#### [Task prompt]
A verbatim copy of the listing is needed; pictures are to be left out.

#### [Data]
Content starts

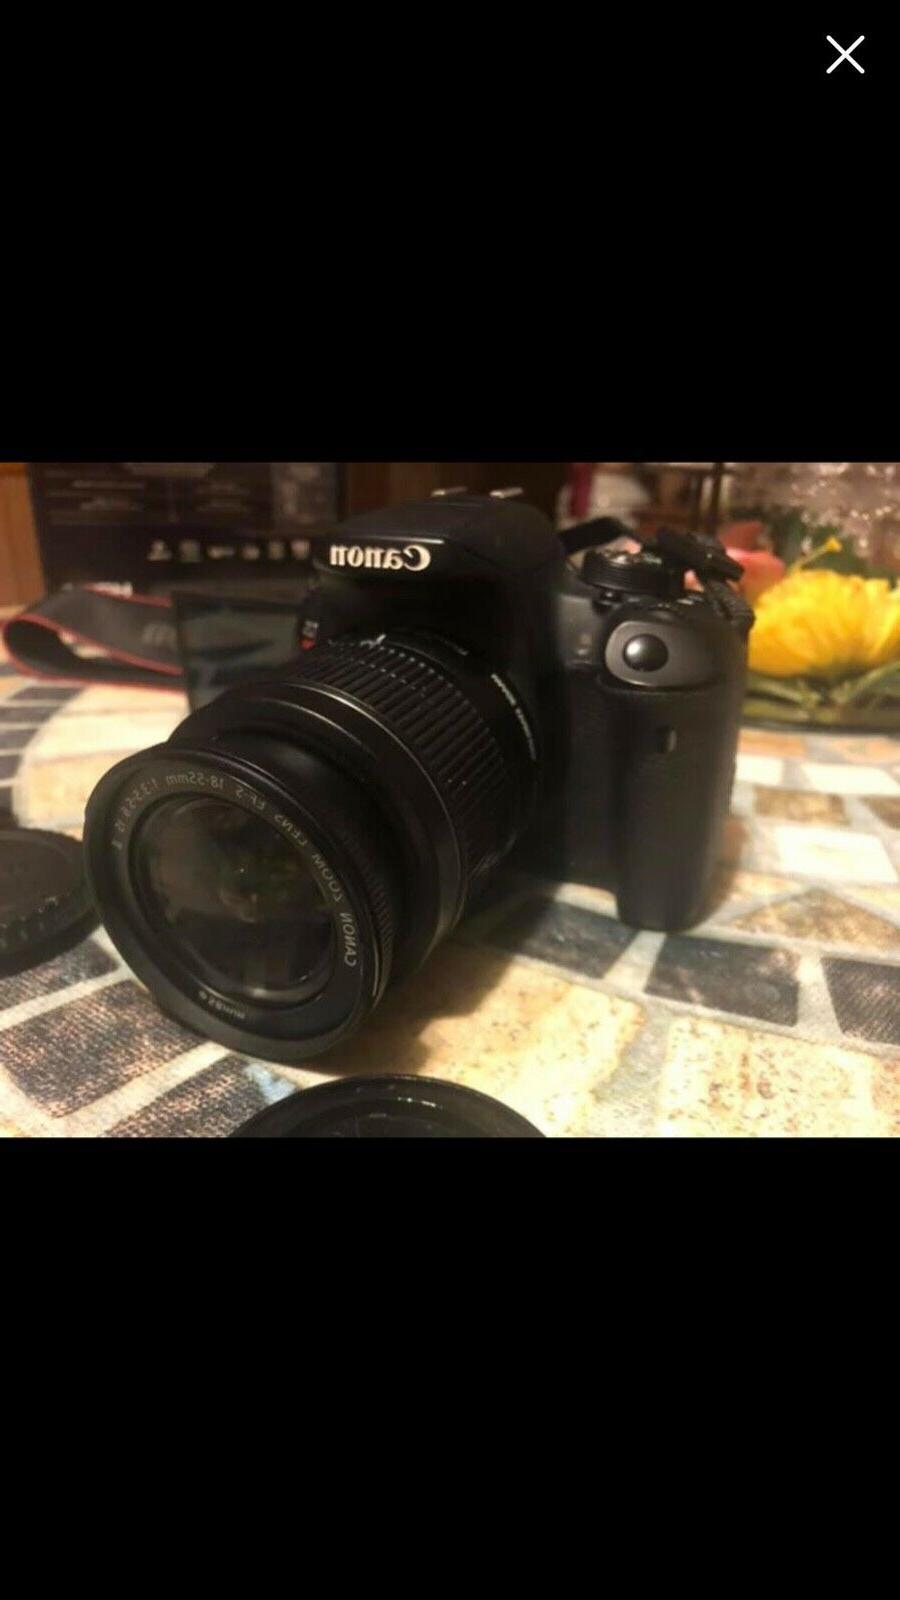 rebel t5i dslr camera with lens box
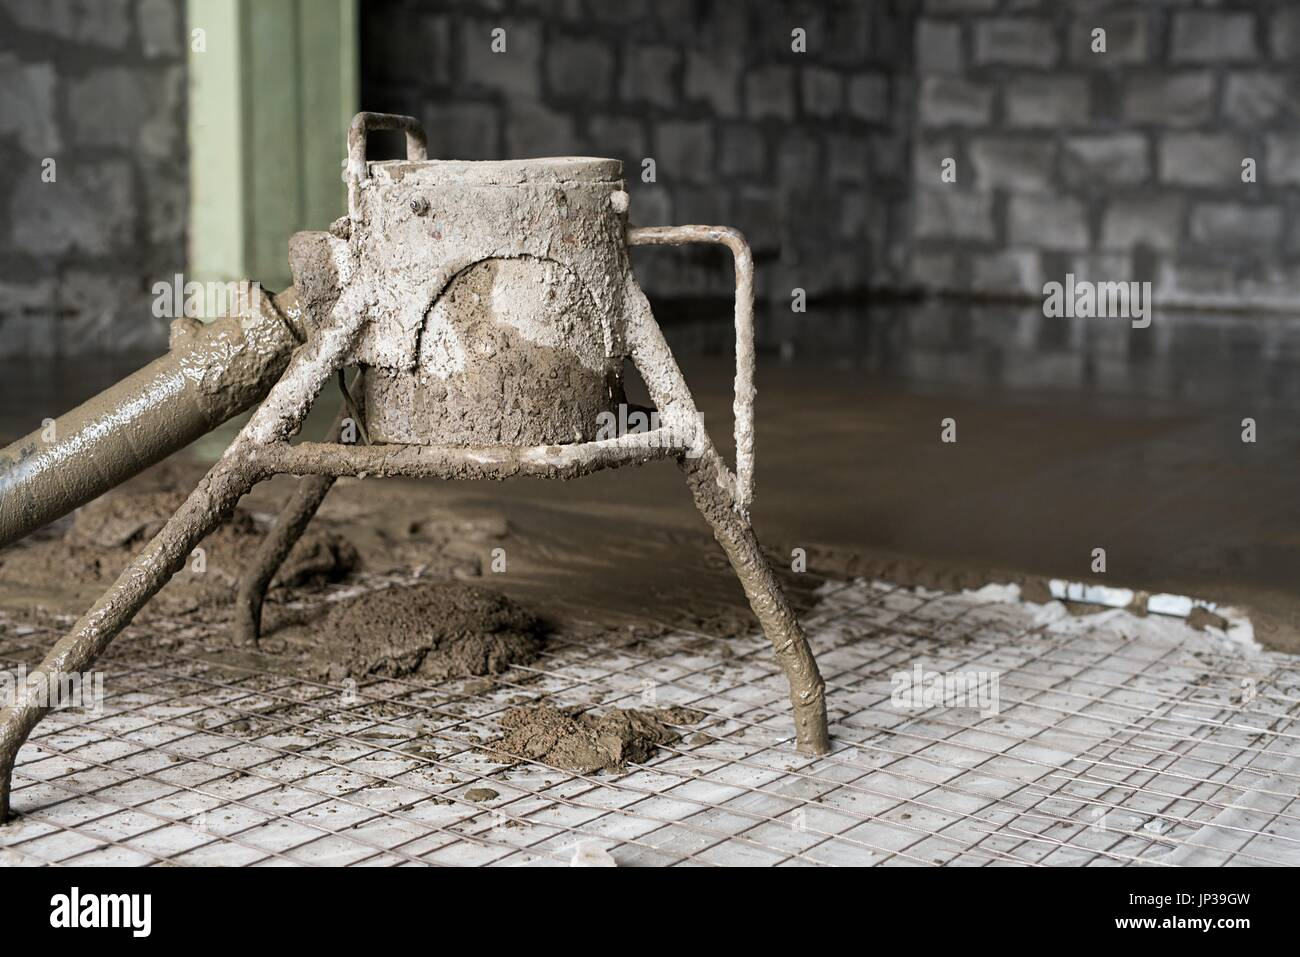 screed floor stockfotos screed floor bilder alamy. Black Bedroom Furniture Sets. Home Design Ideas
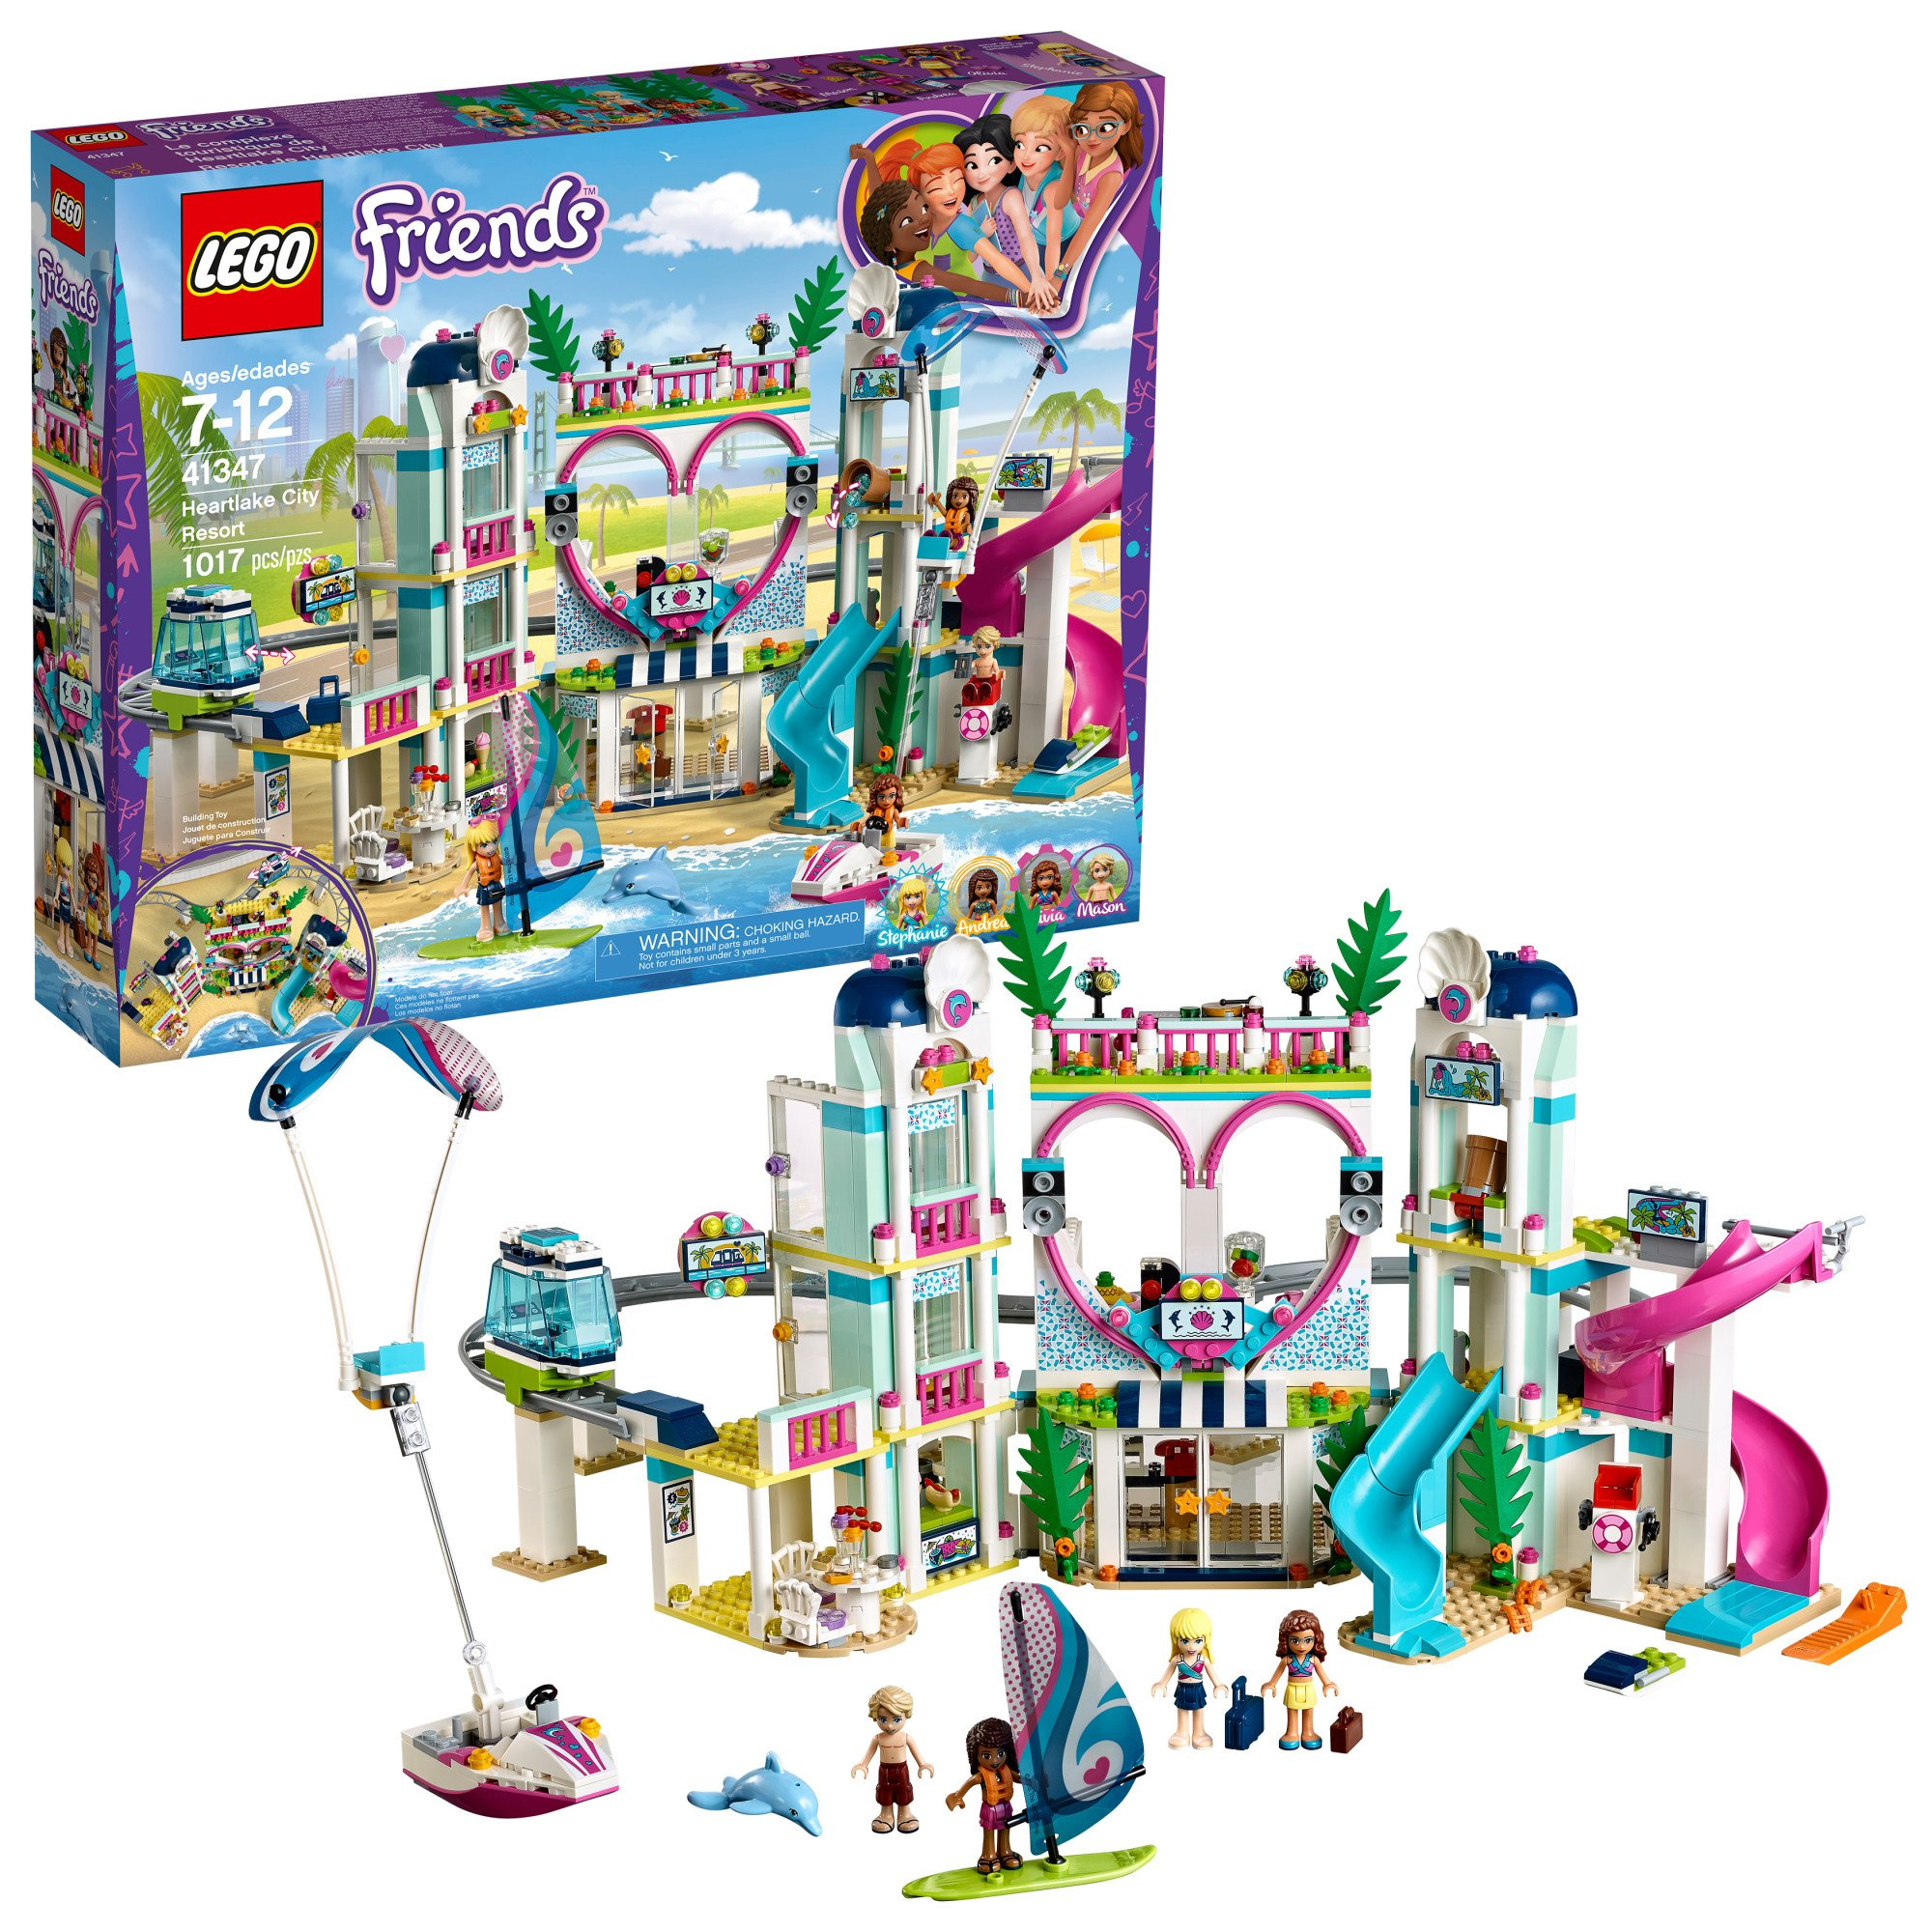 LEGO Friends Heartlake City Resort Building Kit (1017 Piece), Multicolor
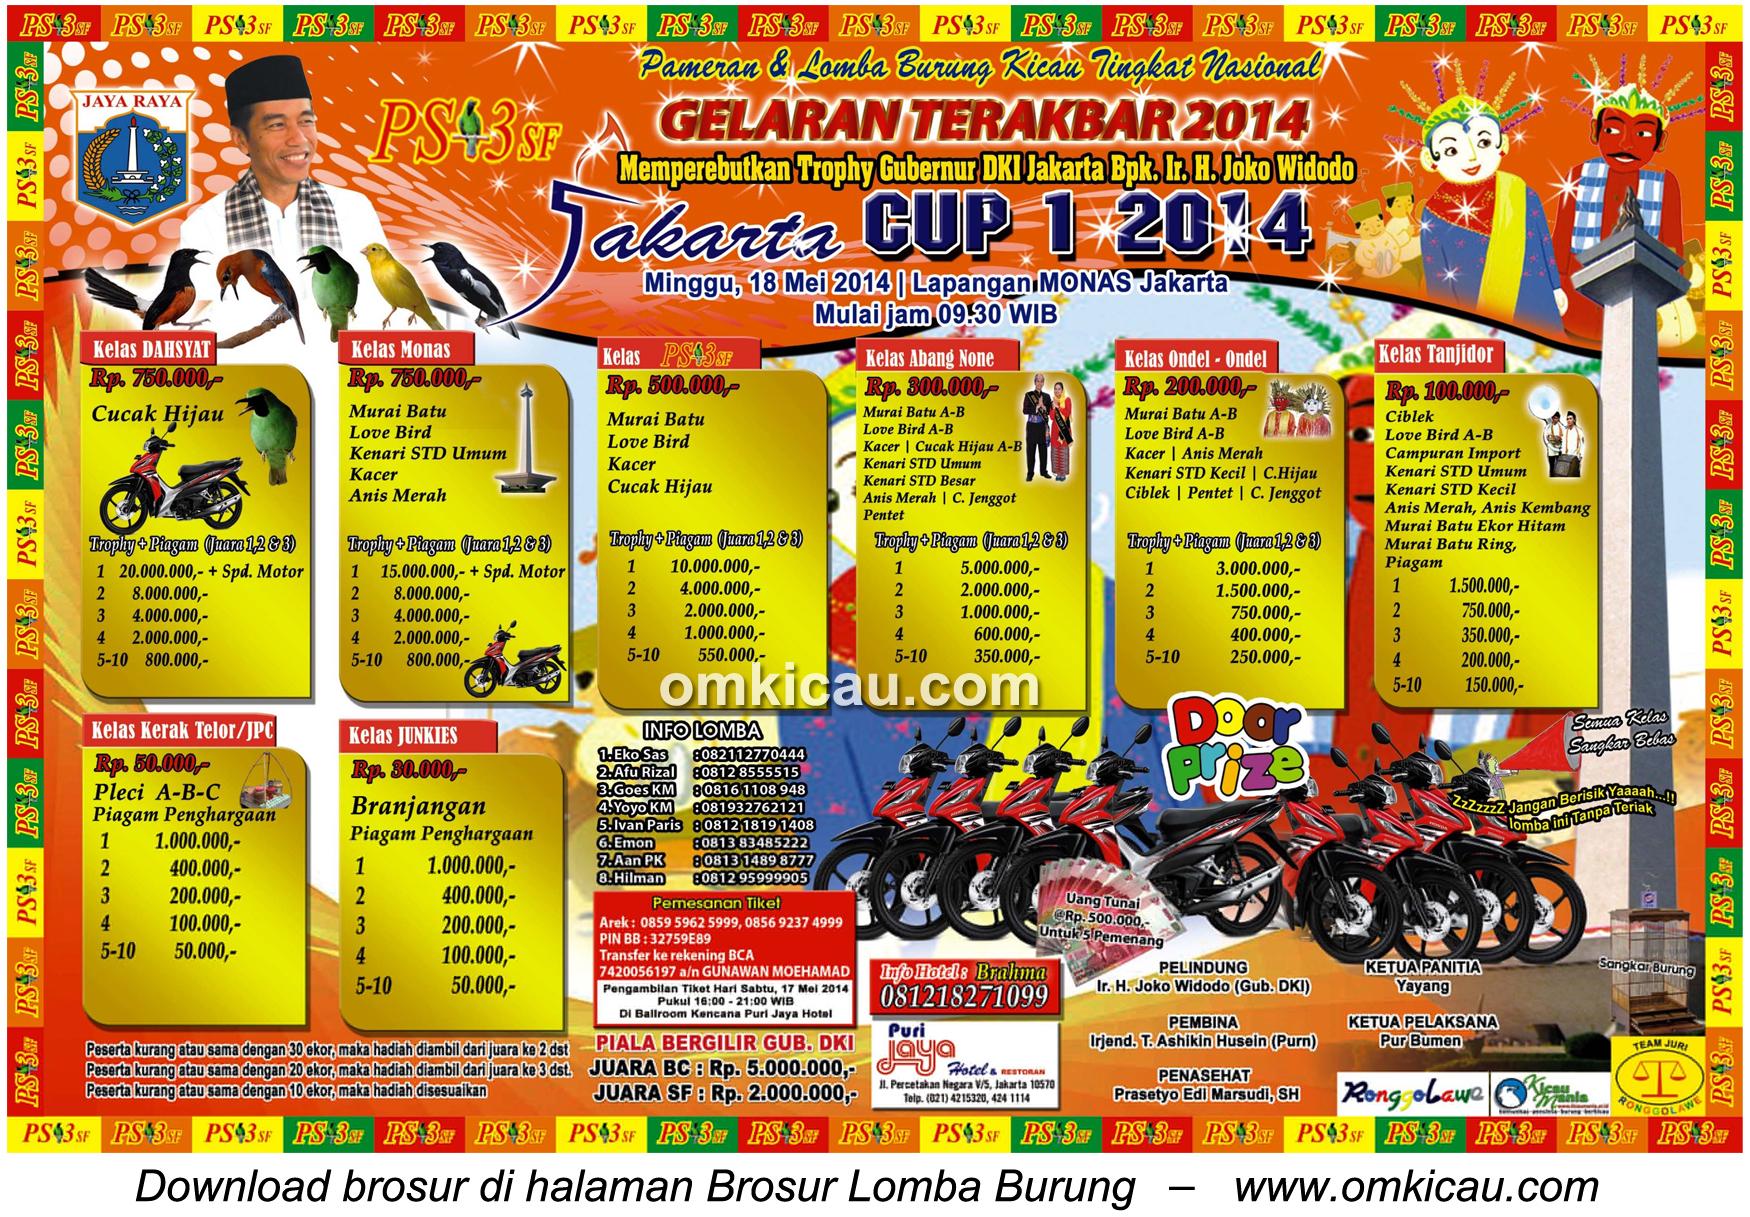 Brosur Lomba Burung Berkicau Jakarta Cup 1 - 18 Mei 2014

Content ends

#### [Answer to the problem]
 rebel t5i dslr camera with lens box
 screed floor stockfotos screed floor bilder alamy. Black Bedroom Furniture Sets. Home Design Ideas
 LEGO Friends Heartlake City Resort Building Kit (1017 Piece), Multicolor
 Brosur Lomba Burung Berkicau Jakarta Cup 1 - 18 Mei 2014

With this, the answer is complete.